Write out each line of the material exactly as given, and drop the images.

Start of Given material

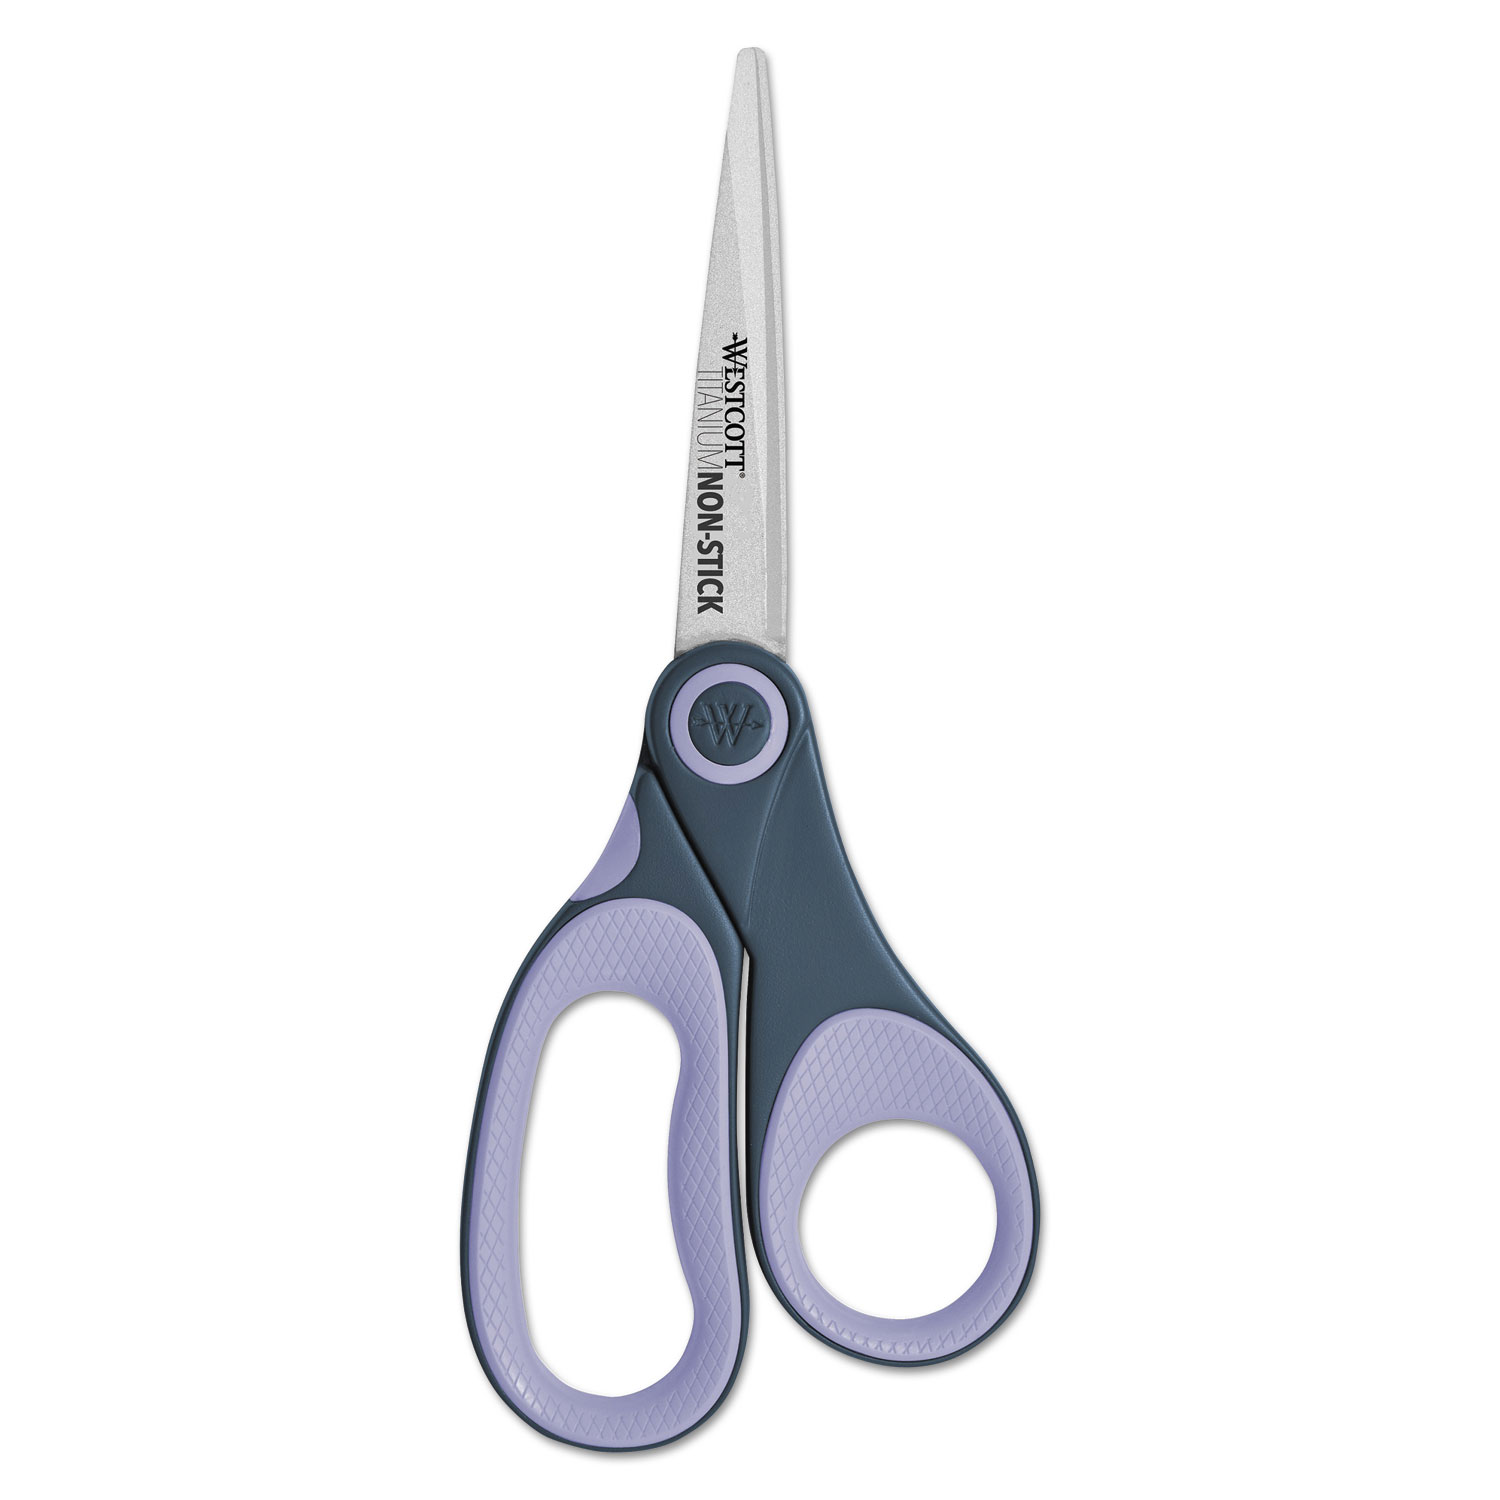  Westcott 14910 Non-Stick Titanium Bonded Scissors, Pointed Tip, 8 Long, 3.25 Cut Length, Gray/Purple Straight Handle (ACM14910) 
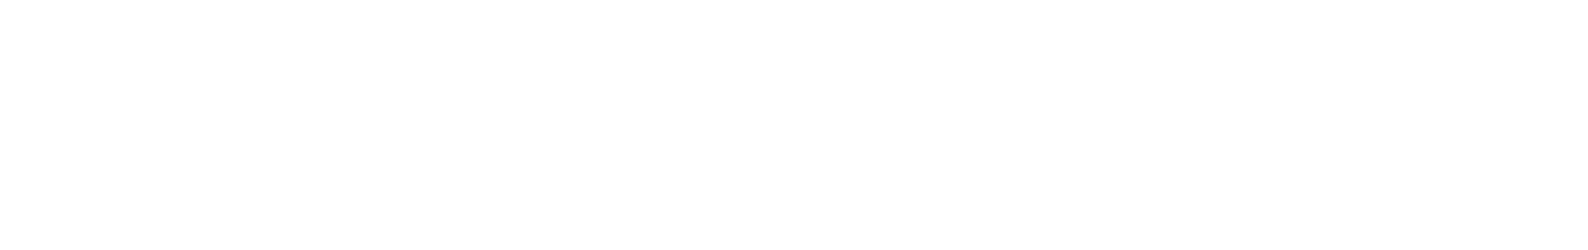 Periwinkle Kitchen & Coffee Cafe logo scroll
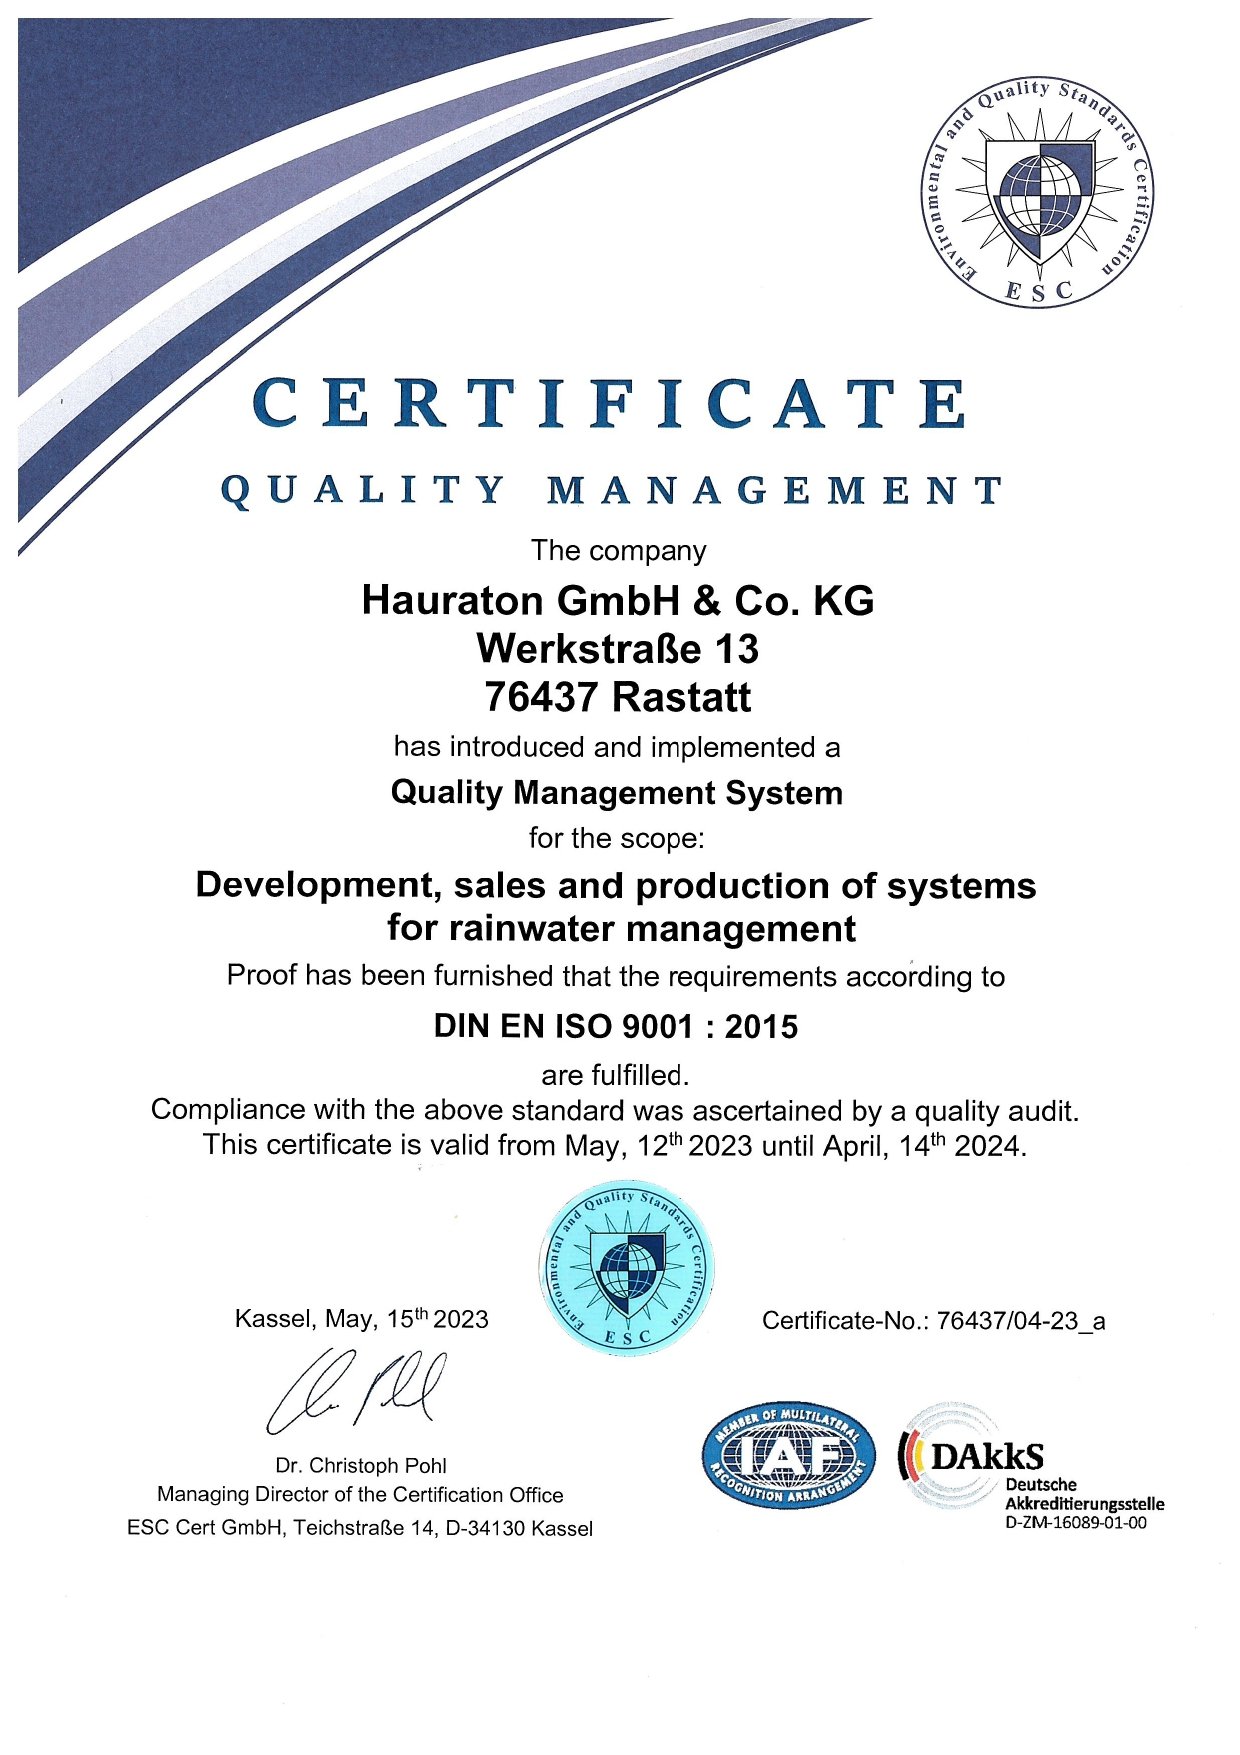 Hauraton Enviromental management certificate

End of Given material

## Completed exercise:
  Westcott 14910 Non-Stick Titanium Bonded Scissors, Pointed Tip, 8 Long, 3.25 Cut Length, Gray/Purple Straight Handle (ACM14910) 
 Periwinkle Kitchen & Coffee Cafe logo scroll
 Hauraton Enviromental management certificate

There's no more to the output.